GOAL OF THE EXERCISE - Repeat the data that follows in full. Do not include the pictures.

COLLECTED DATA -
===============

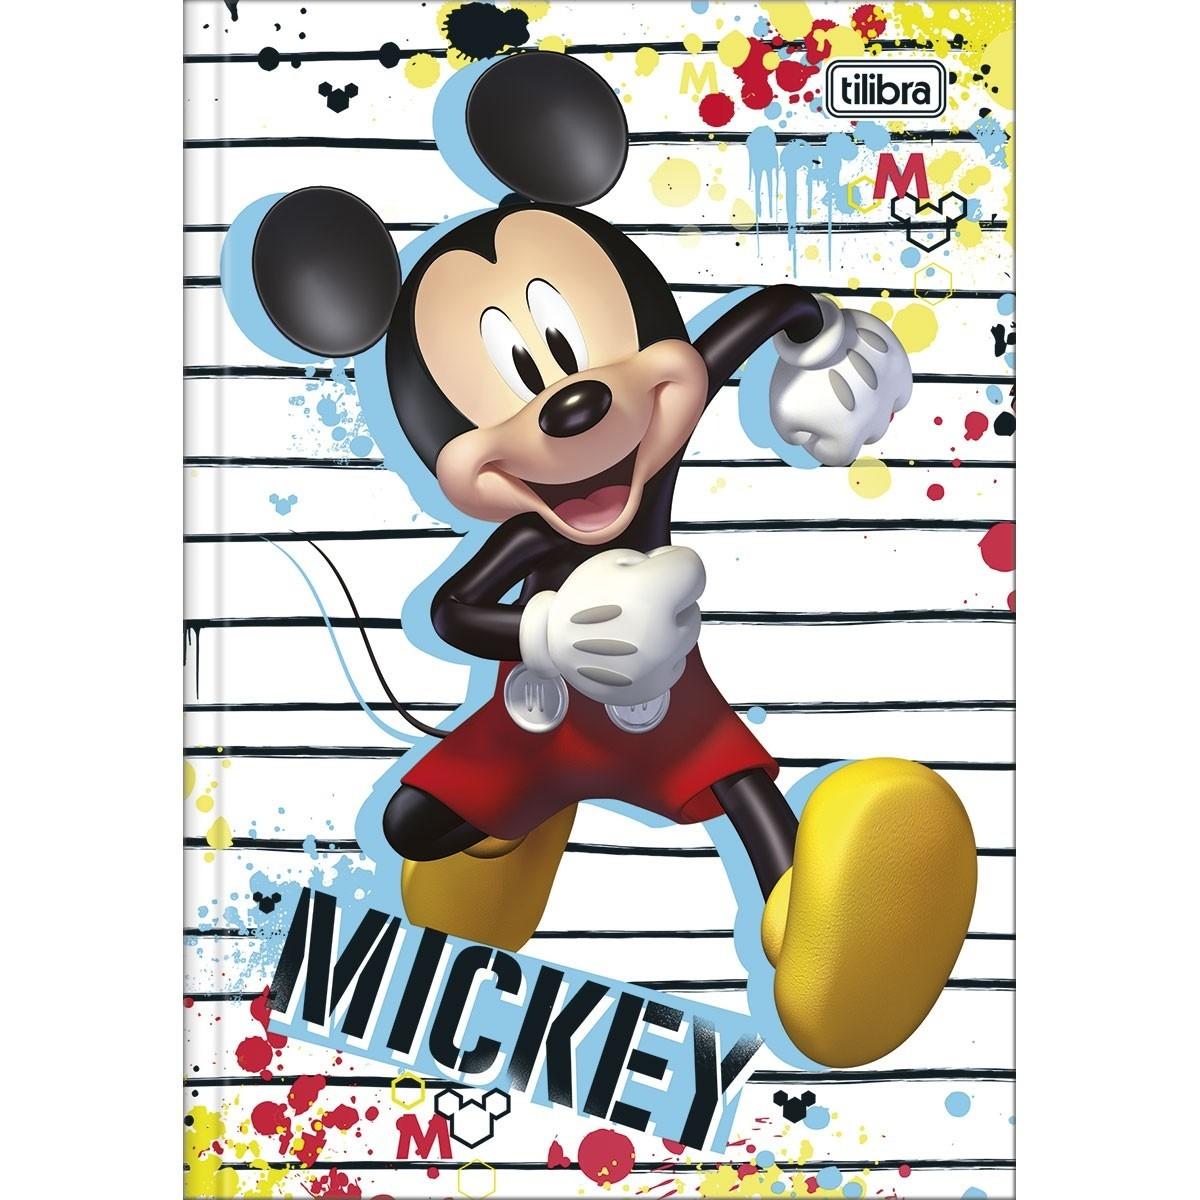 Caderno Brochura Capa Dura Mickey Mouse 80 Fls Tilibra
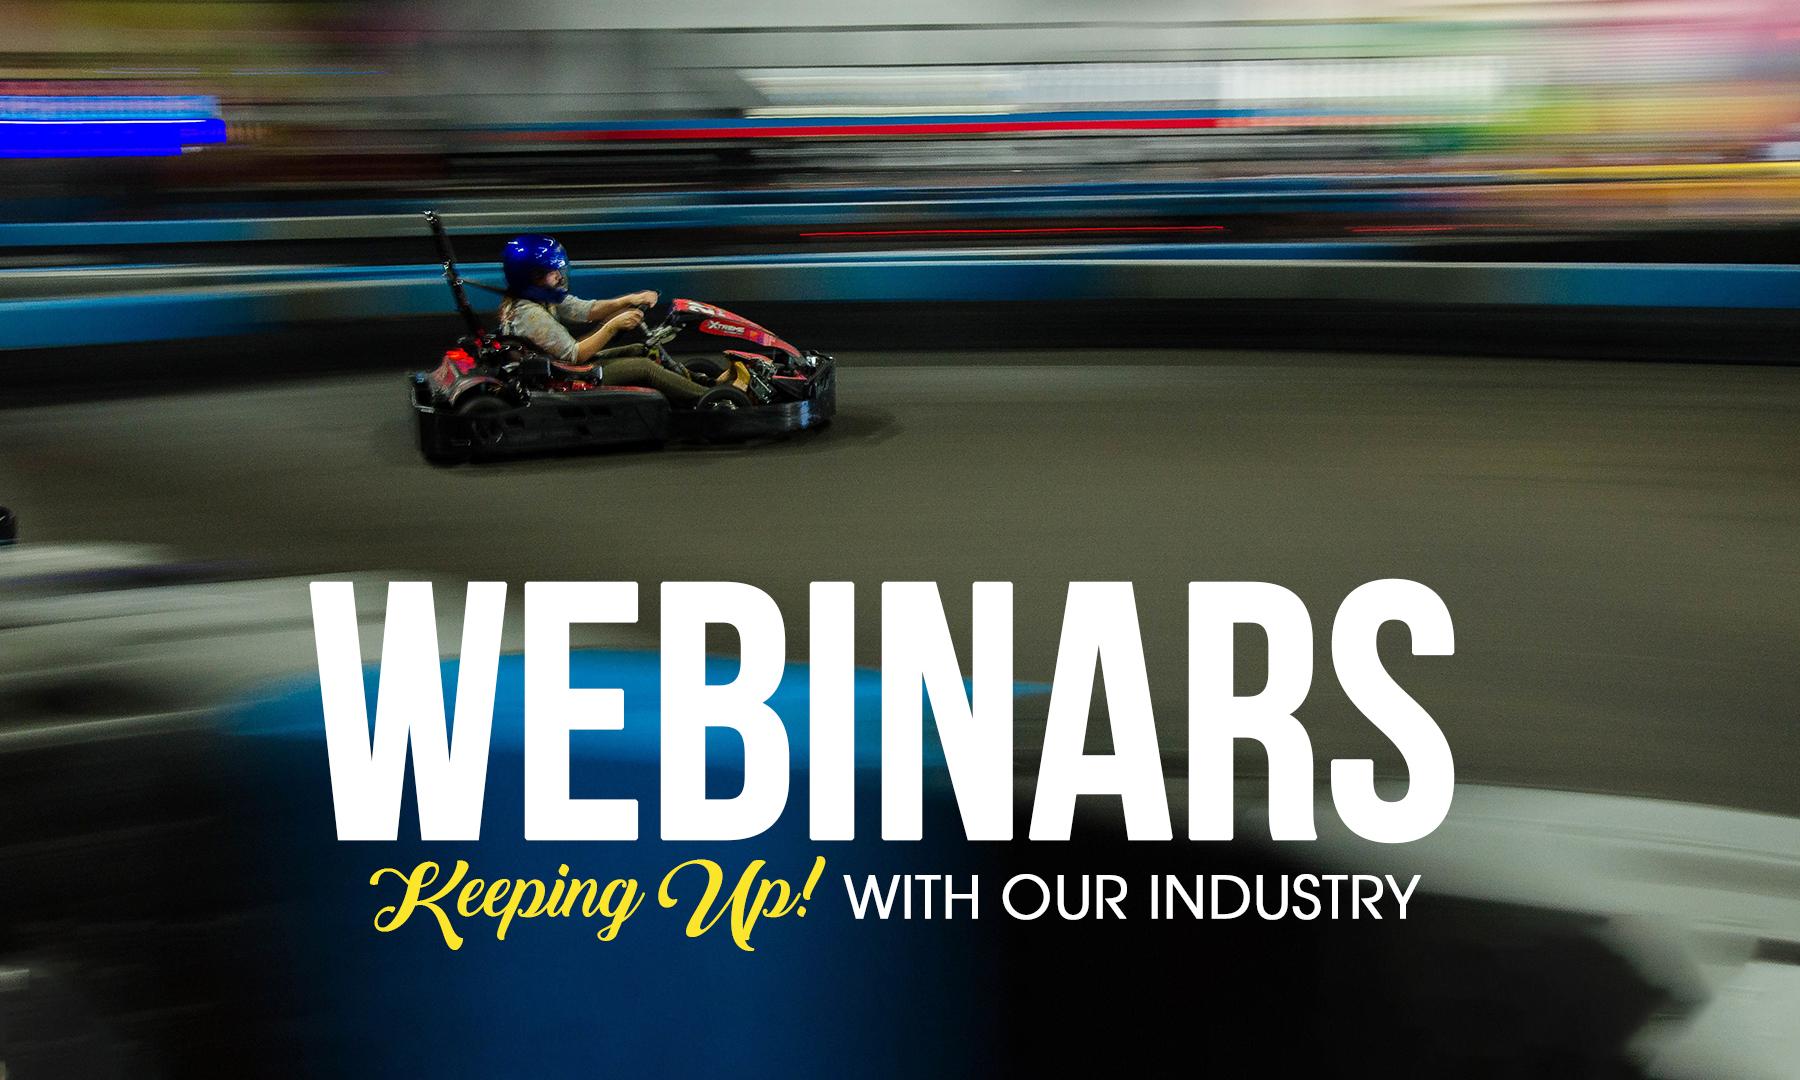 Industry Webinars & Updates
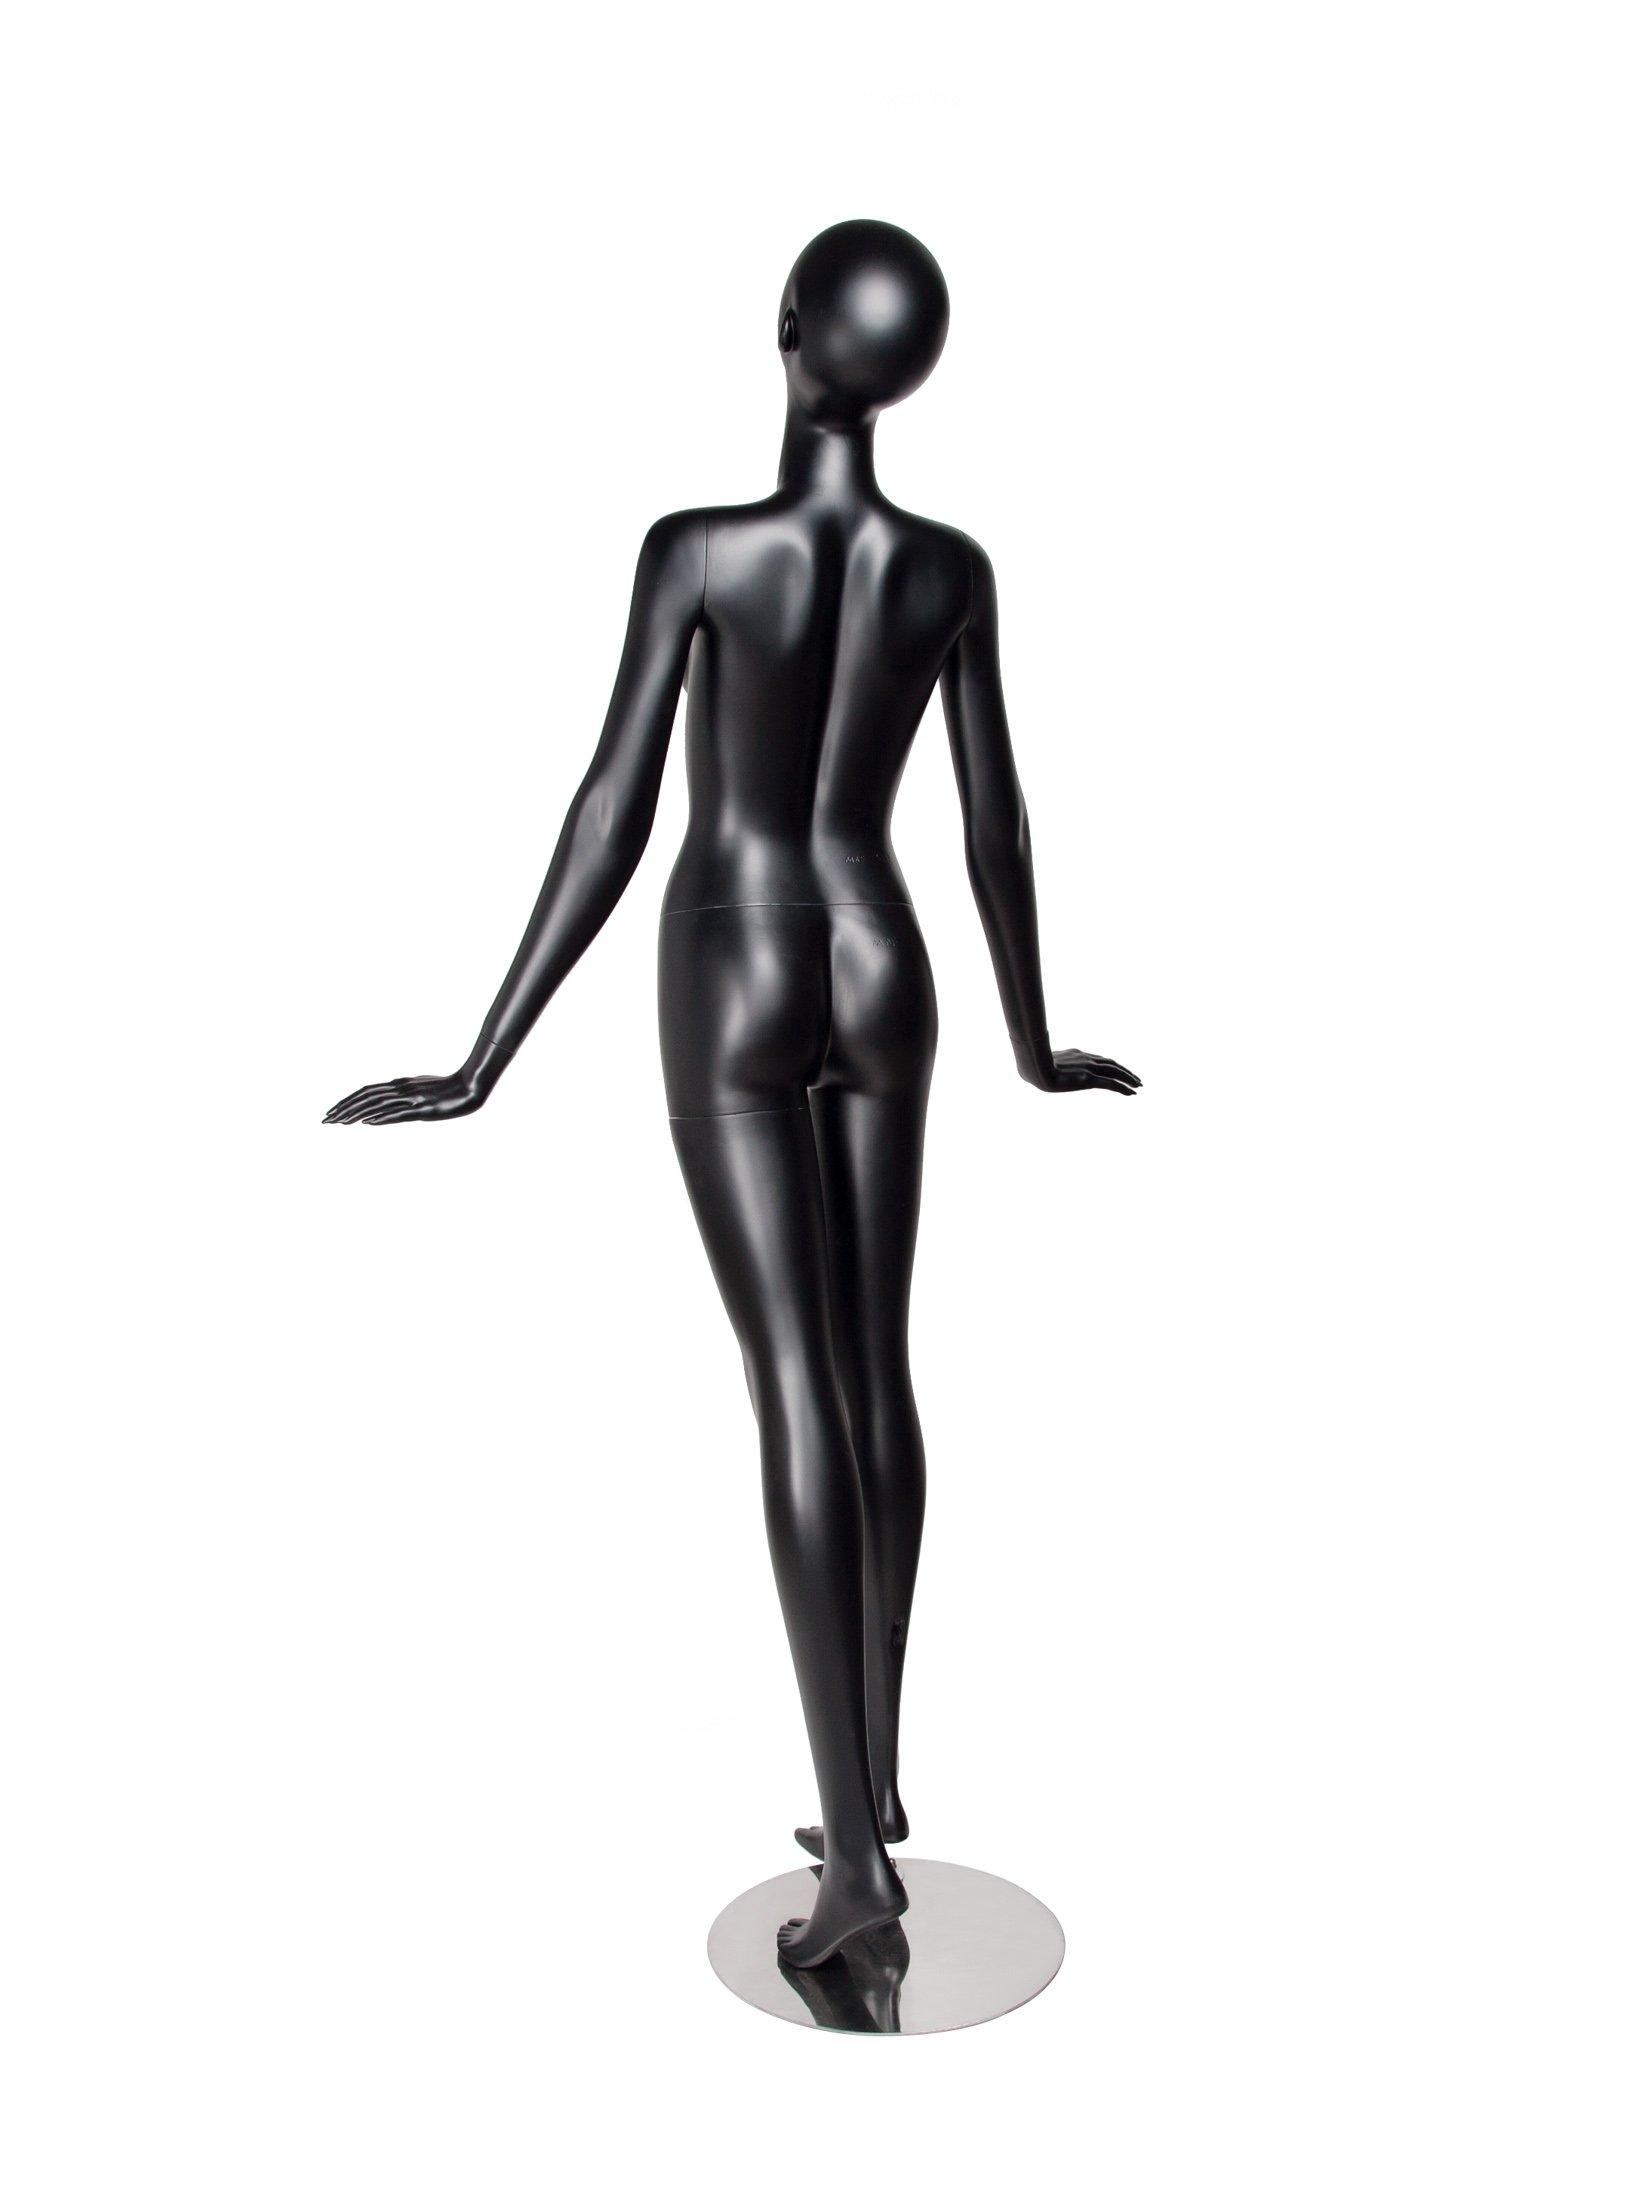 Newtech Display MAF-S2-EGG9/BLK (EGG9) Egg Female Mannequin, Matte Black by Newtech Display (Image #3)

===============

SOLUTION TO THIS PROBLEM -
 Caderno Brochura Capa Dura Mickey Mouse 80 Fls Tilibra
 Industry Webinars & Updates
 Newtech Display MAF-S2-EGG9/BLK (EGG9) Egg Female Mannequin, Matte Black by Newtech Display (Image #3)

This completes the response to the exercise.